For each set of products, the program prints on the standard output the profit of an optimal selling schedule for the set. Each result is printed from the beginning of a separate line.

Sample Input

4 50 2 10 1 20 2 30 1

7 20 1 2 1 10 3 100 2 8 2
5 20 50 10

Sample Output

80
185

Hint

The sample input contains two product sets. The first set encodes the products from table 1. The second set is for 7 products.

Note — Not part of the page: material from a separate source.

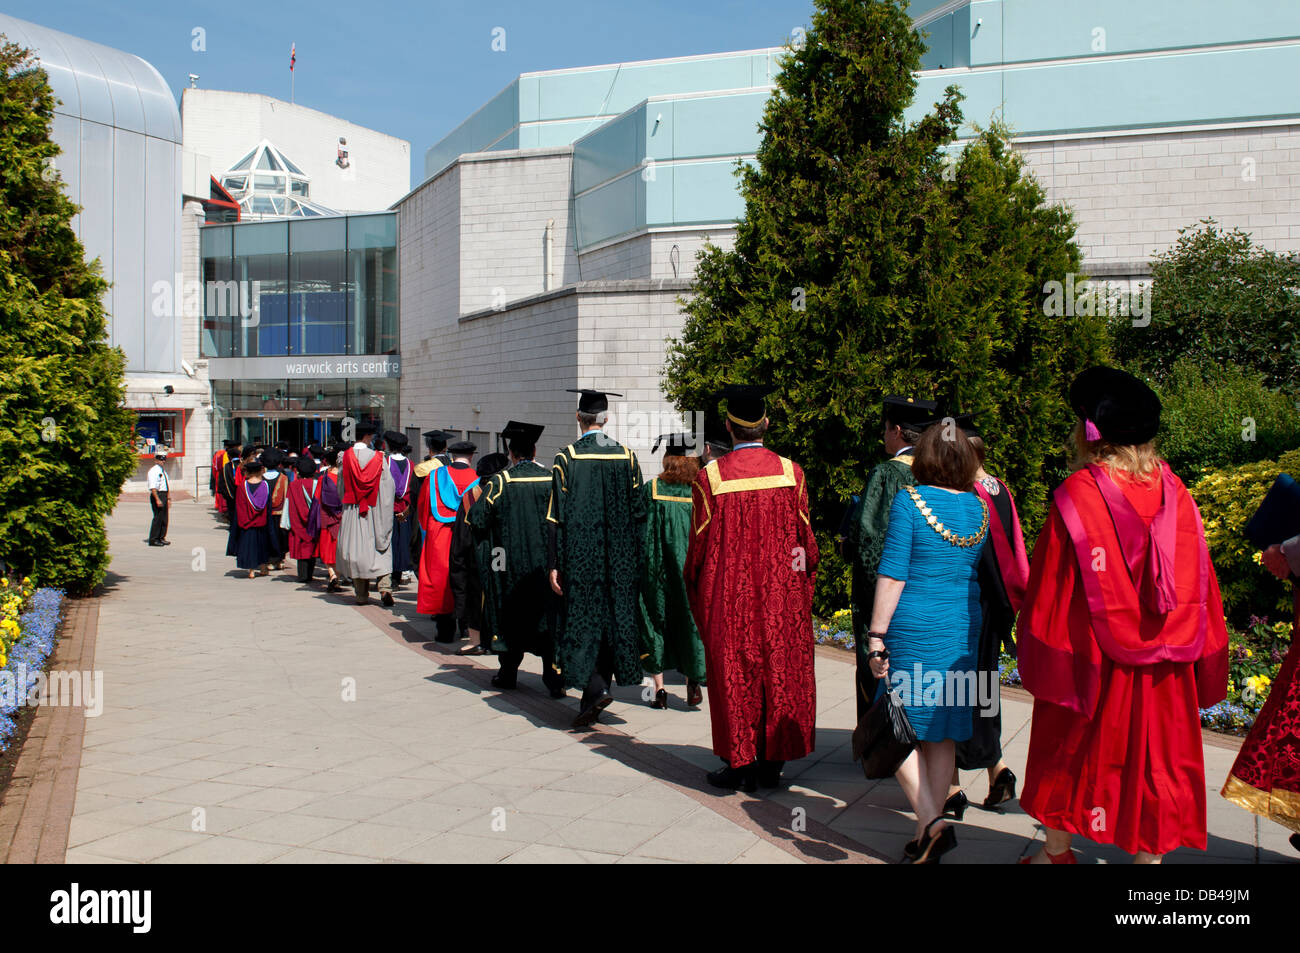 Procession le jour de la remise des diplômes universitaires, Université de Warwick, Royaume-Uni Banque D'Images

The profit of an optimal schedule for these products is 185.

Method 1:

#pragma warning (disable:4996)
#include <iostream>
#include <algorithm>
#include <iomanip>
#include <cstring>
#include <cstdio>
#include <cmath>
#include <queue>
#include <vector>
#include <set>
#define inf 0X7f7f7f7f
using namespace std;
typedef long long ll;
typedef unsigned long long ull;
const int maxn = 1e4 + 10;

struct Good
{
	int p;
	int d;
};
priority_queue<Good> q;
bool operator<(Good x, Good y)
{
	return x.p > y.p;
}

Good s[maxn];
bool cmp(Good x, Good y)
{
	return x.d < y.d;
}

int n, ans;

int main()
{
	while (scanf("%d", &n) != EOF)
	{
		ans = 0;
		for (int i = 1; i <= n; i++)
			scanf("%d%d", &s[i].p, &s[i].d);
		sort(s + 1, s + n + 1, cmp);
		for (int i = 1; i <= n; i++)
			if (q.size() == s[i].d)
			{
				if (q.empty() || s[i].p > q.top().p)
				{
					q.pop();
					q.push(s[i]);
				}
			}
			else if (q.size() < s[i].d)
				q.push(s[i]);
				while (!q.empty())
		{
			ans += q.top().p;
			q.pop();
		}
		printf("%d\n", ans);
	}
	return 0;
}

Ideas:
greedy, every day to sell the most profitable to sell the commodity currently.
The goods from small to large order in accordance with the expiration time into an array, while maintaining a top of the heap is the maximum profit commodity binary heap.
Through the array, if no time is expired, you can sell the merchandise into the stack; if the current time expired goods, (since commodities are within the stack before that time can be sold), the before replacing the most profitable commodity.
Thus, the binary heap rest of the commodity is the ability to sell merchandise.

Method 2:

#pragma warning (disable:4996)
#include <iostream>
#include <algorithm>
#include <iomanip>
#include <cstring>
#include <string>
#include <cstdio>
#include <cmath>
#include <vector>
#include <stack>
#include <queue>
#include <set>
#include <map>
#define inf 0X3f3f3f3f
using namespace std;
typedef long long ll;
typedef unsigned long long ull;
const int maxn = 1e4 + 5;

int fa[maxn];//天数

void initial(int n)
{
	for (int i = 1; i <= n; i++)
	{
		fa[i] = i;
	}
}

int get(int x)
{
	if (x == fa[x])
		return x;
	return fa[x] = get(fa[x]);
}

void merge(int x, int y)
{
	fa[get(x)] = get(y);
}

struct Good
{
	int p;
	int d;
};
Good s[maxn];
bool cmp(Good x, Good y)
{
	return x.p > y.p;
}
int n, ans;
bool v[maxn];

int main()
{
	while (scanf("%d", &n) != EOF)
	{
		ans = 0;
		int day = 0;
		for (int i = 1; i <= n; i++)
		{
			scanf("%d%d", &s[i].p, &s[i].d);
			day = max(day, s[i].d);
		}
		sort(s + 1, s + n + 1, cmp);
		initial(day);
		for (int i = 1; i <= n; i++)
		{
			int t = get(s[i].d);
			if (t > 0)
			{
				ans += s[i].p;
				fa[t] = get(t - 1);
			}
		}
		printf("%d\n", ans);
	}
	return 0;
}

Ideas:
greedy, priority to sell the largest commodity profits, and sell the latest time, it will eventually be able to get the maximum profit.
With disjoint-set to maintain the number of days, we will have to sell commodities consecutive time in one collection. In this way, every time and can be set to find the latest time check unsold goods.